Kebebasan positif adalah kebebasan diri dalam melakukan hal yang kita inginkan. Dalam perspektif Islam, tentunya kebebasan ini didasari oleh batasan-batasan yang telah ditetapkan dalam Agama Islam. Sebagaimana kamu bebas bersuara, mengkritik, dan memberikan komentar. Namun ada hal-hal yang perlu diperhatikan dalam berbuat demikian. Mulai dari etika berbicara, cara mengutarakan pendapat yang baik, dan lain-lain yang sudah lumrah dalam keseharian kita. Kita bebas melakukan apapun, selama tidak menyalahi aturan dan kaidah Agama Islam.
Kebebasan negatif adalah kebebasan yang dikarenakan tidak adanya koersi, atau paksaan. Kebebasan Negatif ini, seringkali menimbulkan perasaan bebas sebebas-bebasnya karena tidak diawasi. Seperti halnya dalam keseharian kita ketika orang tua kita pergi ke luar kota. Kita merasa bebas di rumah, bebas melakukan apa saja yang kita mau selama orang tua kita belum kembali. Hal ini yang harus jadi perhatian karena rusaknya etika, hilangnya norma bisa jadi dimulai karena merasa tidak ada yang mengawasi dan memberikan paksaan untuk menaati sebuah peraturan atau syari’at.
Terlepas dari etika sopan-santun yang lumrah ditemui, ada juga etika dalam berbicara, mempelajari ilmu, dan banyak sekali lainnya yang telah diterapkan dalam Islam. Ingatlah bahwa Rasulullah SAW tidaklah diutus melainkan untuk memperbaiki dan menyempurnakan akhlak. Janganlah kita terpengaruh dengan arus liberal, atau kebebasan yang tak berdasar. Jangan sampai dengan kita menganut kebebasan, kita melupakan etika. Miris sekali ketika menemukan sebuah kelompok yang menamakan diri sebagai pembebas, namun dengan seenaknya menafsirkan dalil demi kepentingan golongannya.
Ada orang yang mengatakan, “Lihat tuh, negara A maju tapi mereka bukan orang yang taat beragama.” Ya jelas. Agama itu sebagai pegangan hidup, tempat kembali. Walaupun mereka maju, apakah mereka memiliki akhlak yang baik? No, beberapa negara maju malah mencerminkan konservatisme mereka. Seperti di Prancis, mereka mengatakan pelarangan hijab adalah bentuk pembebasan. Padahal, kata “pembebasan” tersebut hanyalah embel-embel mereka untuk menutupi islamophobia dan betapa kolotnya pemikiran mereka. Maju itu karena gigih mengembangkan ilmu pengetahuan, gigih mengembangkan ekonomi, tentunya sesuai dengan aturan-aturan dan kaidah dalam agama.
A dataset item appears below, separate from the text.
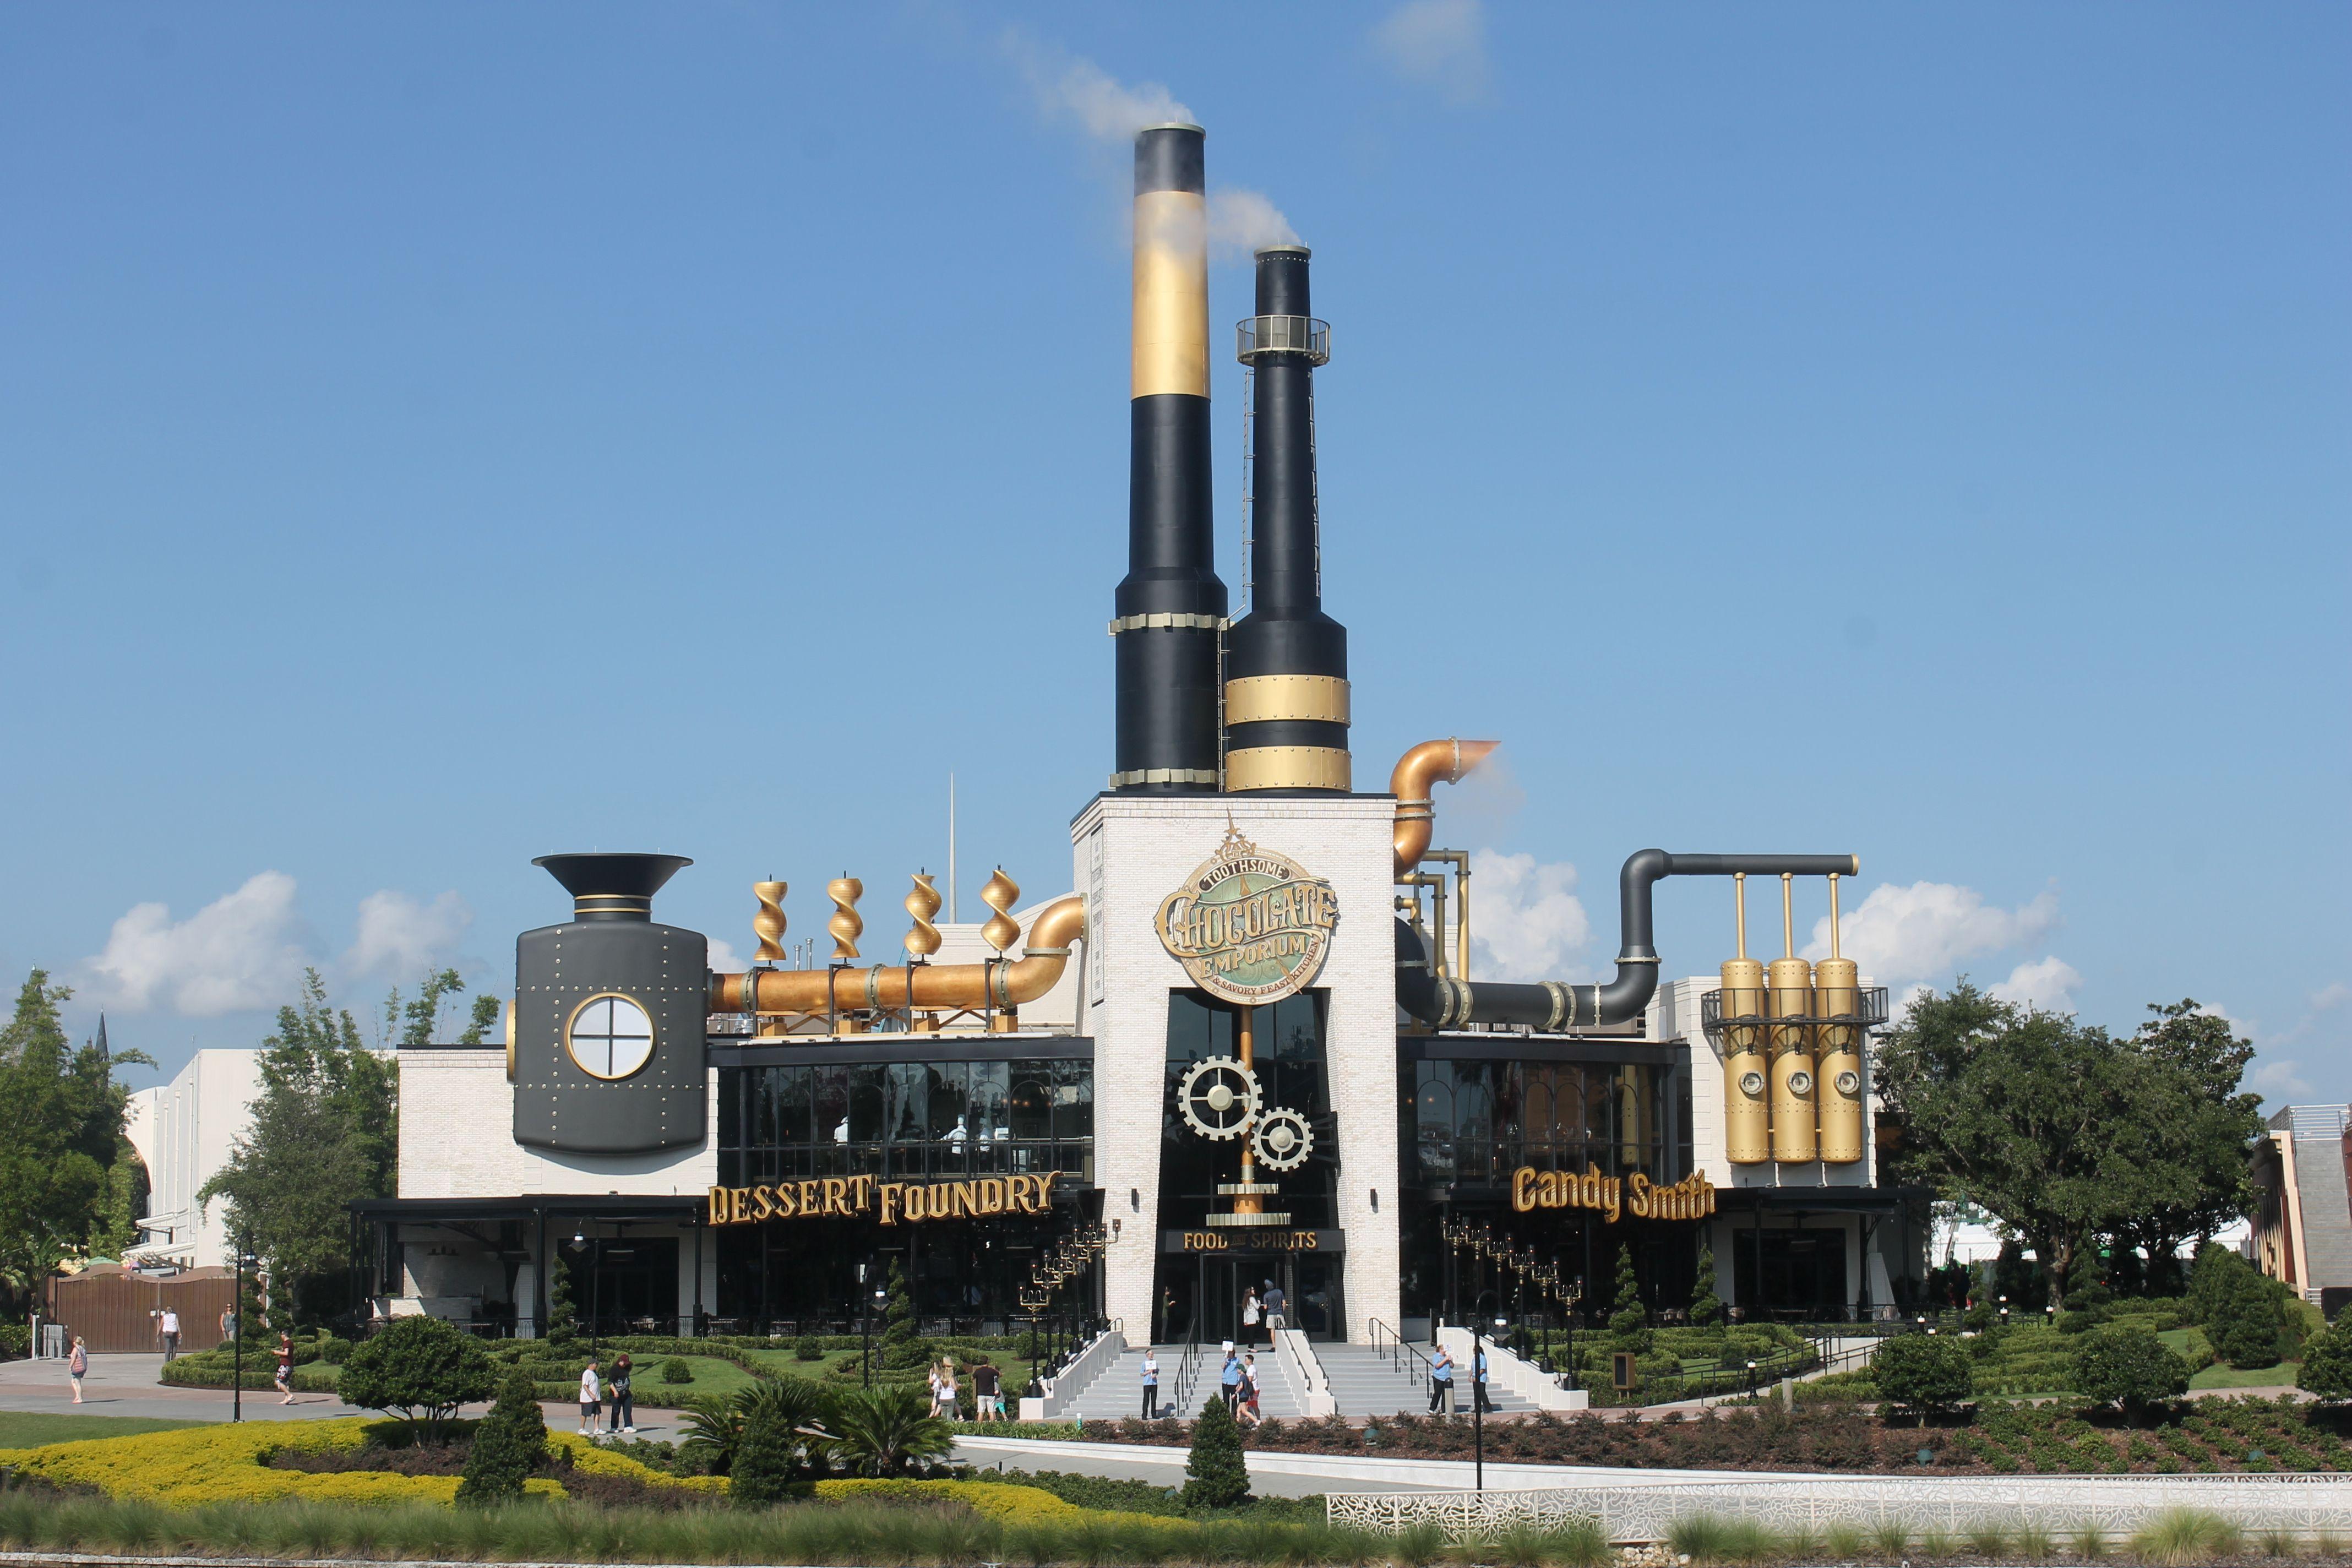 Toothsome Chocolate Emporium Universal CityWalk Orlando

Sama saja apabila ekonomi maju tapi tidak berlandaskan kaidah agama. Apa enaknya harta yang diperoleh dari kegiatan ekonomi yang haram hukumnya? Atau apa gunanya menyalurkan dana pada hal yang tidak jelas asal-usul dan hukumnya? Apa kita mau, hal-hal yang berhubungan dengan kita, ternyata hulunya dari sesuatu yang haram?
Hidup hanya sementara. Waktu terus berjalan. Dan banyak sekali orang yang mendefinisikannya sebagai aji mumpung; “Mumpung seh urip. Ayolah dolan, menikmati hari.” Sementara mereka lupa bahwa ada kewajiban dan utang-utang yang harus dilunasi pada Sang Pencipta. Ayolah, norma agama sudah jelas, kok masih saja ditentang.
Seharusnya sebagai muslim yang baik, sadar akan keganjilan-keganjilan ini. Semua kegiatan yang halal, pasti akan menghasilkan hati yang lega, dan insyaAllah akan diberkahi di kemudian hari.
Hilangnya kepekaan, hilangnya kesadaran akan akhlak dan moral, sepertinya sudah mulai membumi. Seringkali kita menemui, ketika seseorang diingatkan, lantas dia berkata, “Urus saja urusanmu, memangnya kamu sudah jelas bakal masuk surga?” Cacat logika semacam ini perlu dilibas habis. Cabut sampai ke akar-akarnya.
Sesungguhnya Allah Swt. membenci perkataan seperti ini. Jelas-jelas diajak untuk memperbaiki diri. Sama-sama belajar menjadi lebih baik untuk mencapai rida-Nya, kok malah dicibir. Kan aneh.
Pesan saya sebagai penulis, marilah kita kembali ke jalan Allah. Terlepas mazhab/manhaj mana yang kamu ikuti, ambil semua hal baik dan buang hal-hal yang buruk darinya. Namun, tetap berpegang pada Al-Qur’an dan As-Sunnah. InsyaAllah kita semua akan mencapai kenikmatan abadi di surga-Nya. Aamiin.